Some voices now are clamoring for FDA to adopt the approach of the European Medicines Agency (EMA), which instituted Conditional Marketing Authorization (CMA) procedures in 2006 for products where (a) benefit/risk balance is positive; (b) it is likely that comprehensive clinical data will be provided; (c) unmet medical needs will be fulfilled; and

(d) benefit to public health of immediate availability outweighs risks that additional data are still required.  These EMA-CMA approvals require annual renewal and can be converted to full marketing authorizations upon review of definitive data generated during the conditional approval period.

Do any of these initiatives significantly alter timelines in biomedical product development?  A group of European investigators recently assessed the influence of “Facilitated Regulatory Pathways” (FRP) on review times for 125 new active substances approved by FDA between January 2013 and December 2015.  Metrics for this study included the following:

 

Approved NAS 125
NAS approved using FRP 74 (no use of BTD alone, FT + BTD, or AA ± BTD)
Median development times (IND to NDA submission
Any FRP 2377 days
No FRP 2148 days
BTD + PR + AA 1458 days
FT alone 2620 days
PR alone 3515 days
Median Approval Times
Any FRP 243 days
No FRP 365 days
FT + BTD + PR + AA [a] 145 days
BTD + AA + PR 166 days
FT + BTD + PR 242 days
FT + PR 292 days
PR alone 242 days
Median Developmental + Approval Times (IND to Approval)
Any FRP 2620 days
No FRP 2513 days
BTD + AA + PR 1624 days
BTD + FT + PR 1720 days
FT + PR 2308 days
FT + BTD + AA + PR 2434 days
FT alone 2981 days
PR alone 3757 days

AA = Accelerated Approval; BTD = Breakthrough Therapy Designation; FRP = facilitated regulatory pathways; FT = Fast Track Designation; PR = Priority Review; NAS = new active substances
[a] Four NAS qualified for all four FRPs: ibrutinib, idelalisib, nivolumab, osimertinib mesylate, daratumumab

The authors concluded that combinations of FRPs can shorten review times beyond those provided by PR alone.  The data do not appear, however, to support a general conclusion that various combinations of FRPs reliably shorten the time elapsing between IND submission and marketing approval, or between product conception and marketing approval.

Although FRPs aim to accelerate patient access to medicines, some analyses have in fact shown that development times from first-in-human testing to marketing authorization using FRPs are comparable to development times associated with full (no FRP) marketing authorization, yet are based on less comprehensive data.  Consequently, commentators have raised the possibility that instead of using the FRPs prospectively, sponsors are using them as a backup to full authorization when data packages may not be strong enough to support a full market authorization through conventional pathways.  In any case, more data are needed to determine whether or not implementation of FRPs makes a meaningful difference in terms of conservation of time and/or resources in the biomedical product development plus approval process.

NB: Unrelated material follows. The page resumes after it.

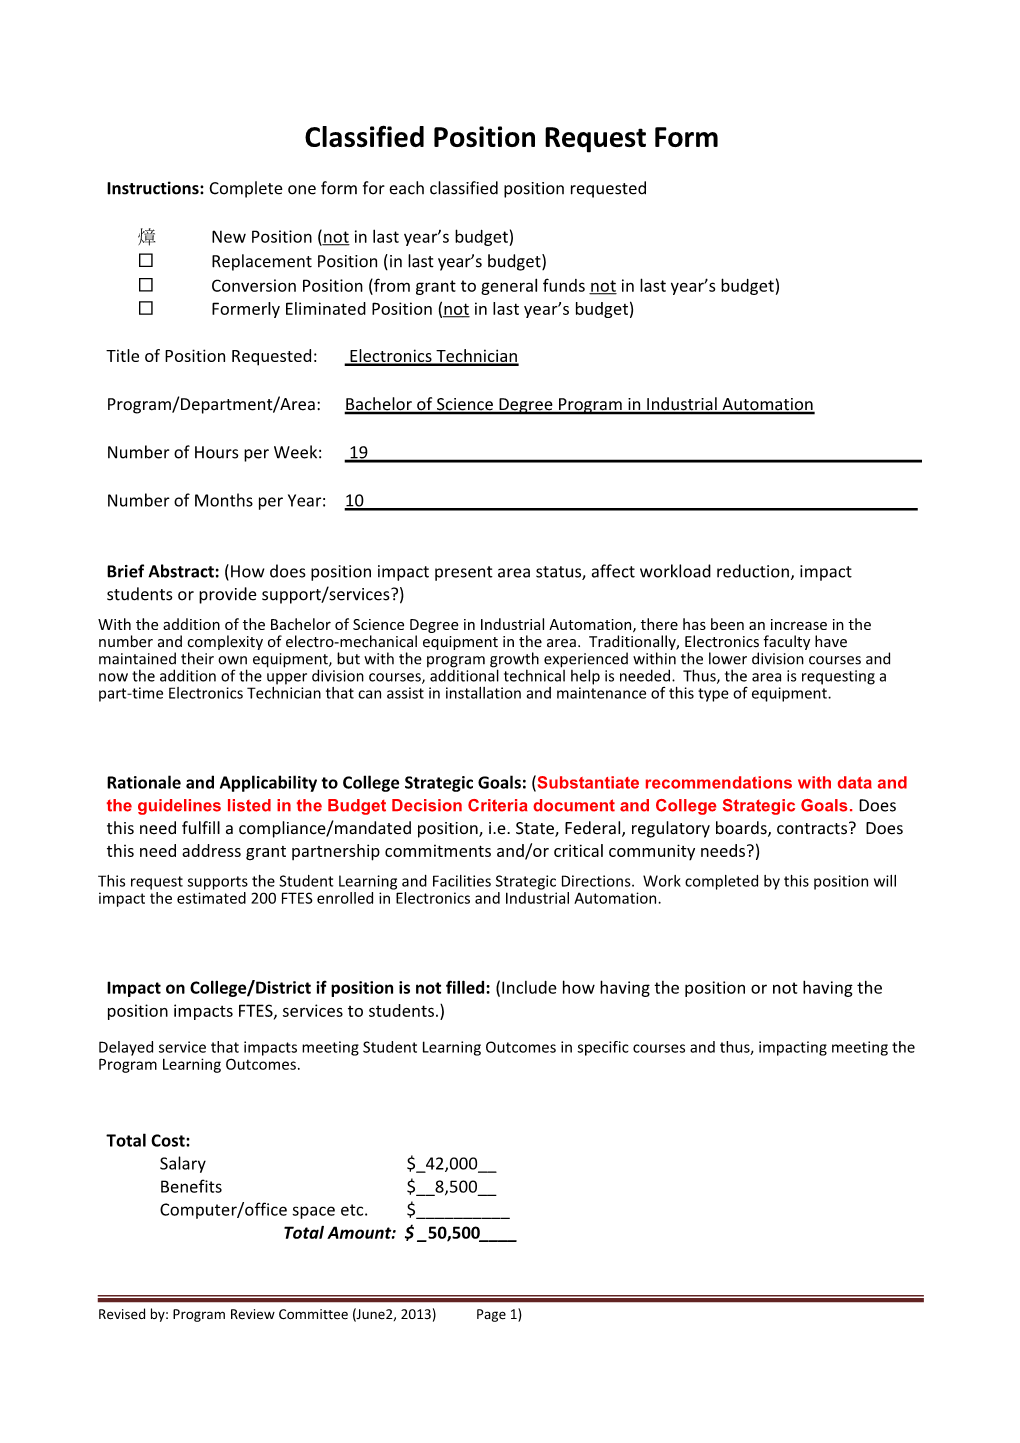 Classified Position Request Form

Meanwhile, as of June 2017, the same drug can be eligible for FRPs simultaneously in the U.S., Canada, Europe and Australia.  Since most countries in South America, Africa and Asia grant preferential review to drugs approved by regulators in the U.S., Canada, Europe and Australia, expedited approval in these regions potential translates into world-wide approval of a given drug. With multinational adoption of most expedited approval pathways, it may be tempting for sponsors to simultaneously apply for designations in all regions. However, if any one regulatory agency disagrees with the designation request, it is likely that other regulators will follow suit as well. So, the best strategy is to get successful designation in one region and then try to use that in others.

 

FDA facilitated regulatory pathways: Visualizing their characteristics, development, and authorization timelines. Liberti L, Bujar M, Breckenridge A, Hoekman J, McAuslane N, Stolk P, Leufkens H. Front Pharmacol. 2017 Apr; 8:1-6.

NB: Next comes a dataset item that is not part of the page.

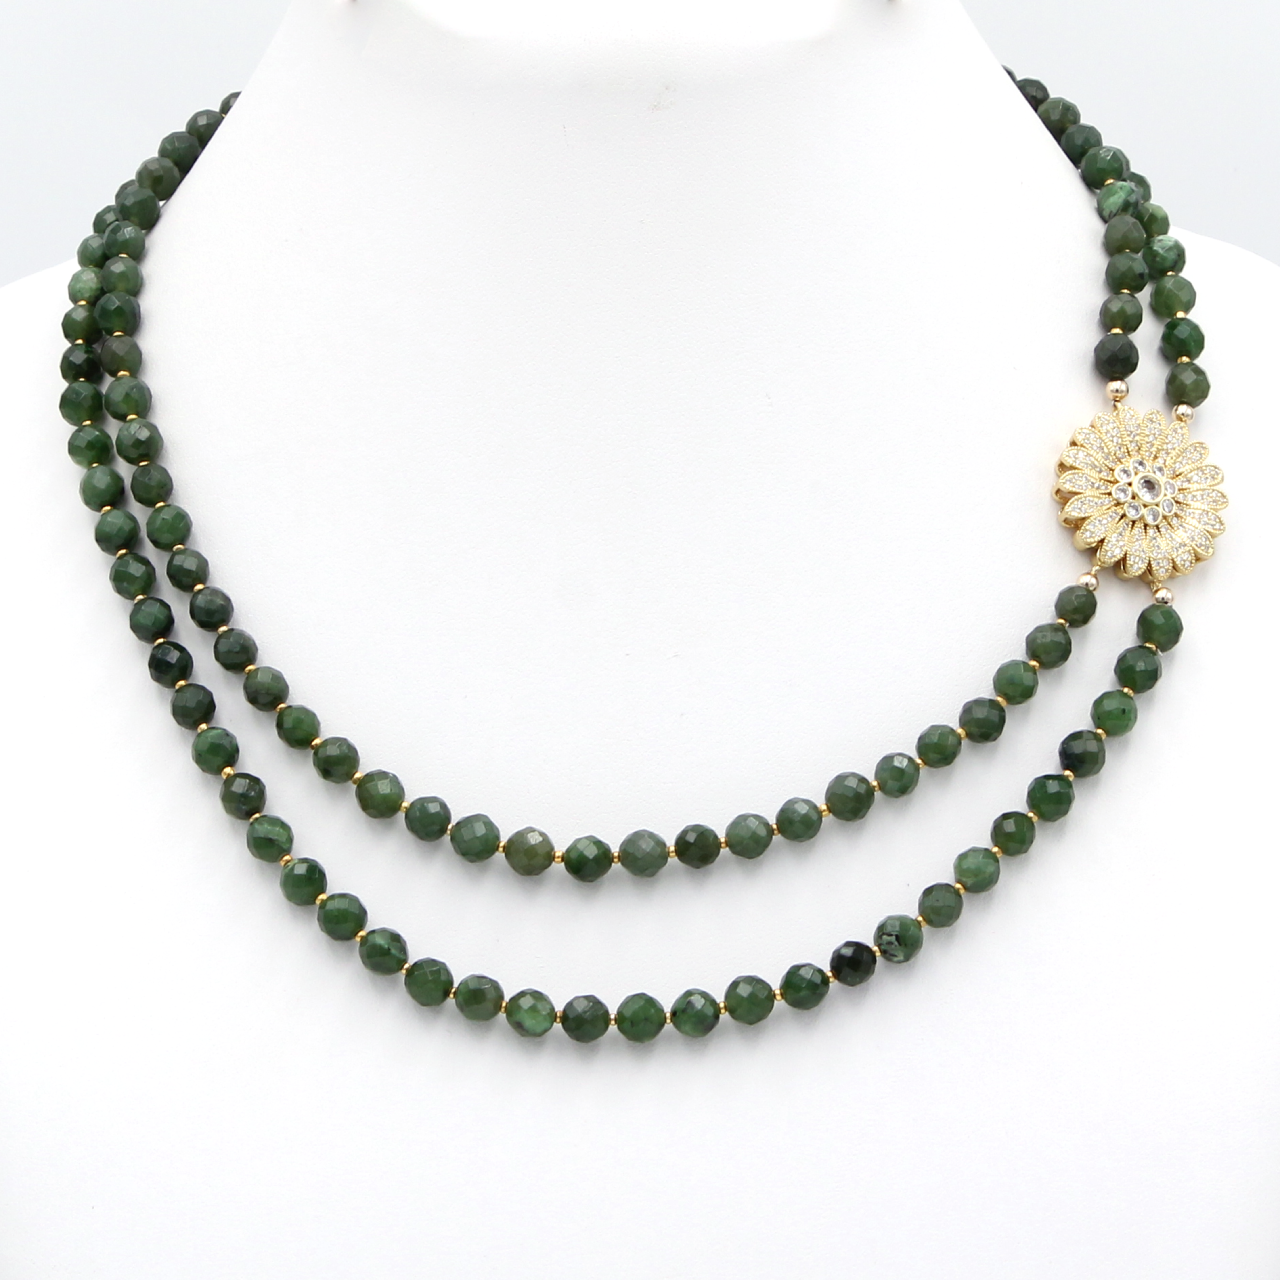 Green Jade Pendant Necklace in Sterling Silver | RuxiTirisi Designs

Use of the conditional marketing authorization pathway for oncology medicines in Europe.
Hoekman J, Boon WP, Bouvy JC, Ebbers HC, de Jong JP, De Bruin ML.
Clin Pharmacol Ther. 2015 Nov; 98(5):534-41.

Duchenne muscular dystrophy drugs at the crossroads, as newer agents advance.
Sheridan C.  Nat Biotechnol. 2016 Jul 12; 34(7):675-6.

 

Sep 08

New FDA Guidances for August 2017

By Michelle Villasmil, Ph.D., RAC (US), Regulatory Scientist at Cato Research

FDA draft and final guidances released from CDER, CBER, and CDRH and Manual of Policies and Procedures (MAPPs) of interest released from CDER in August 2017 are posted. In addition, upcoming advisory committee meetings are listed below with links to more information.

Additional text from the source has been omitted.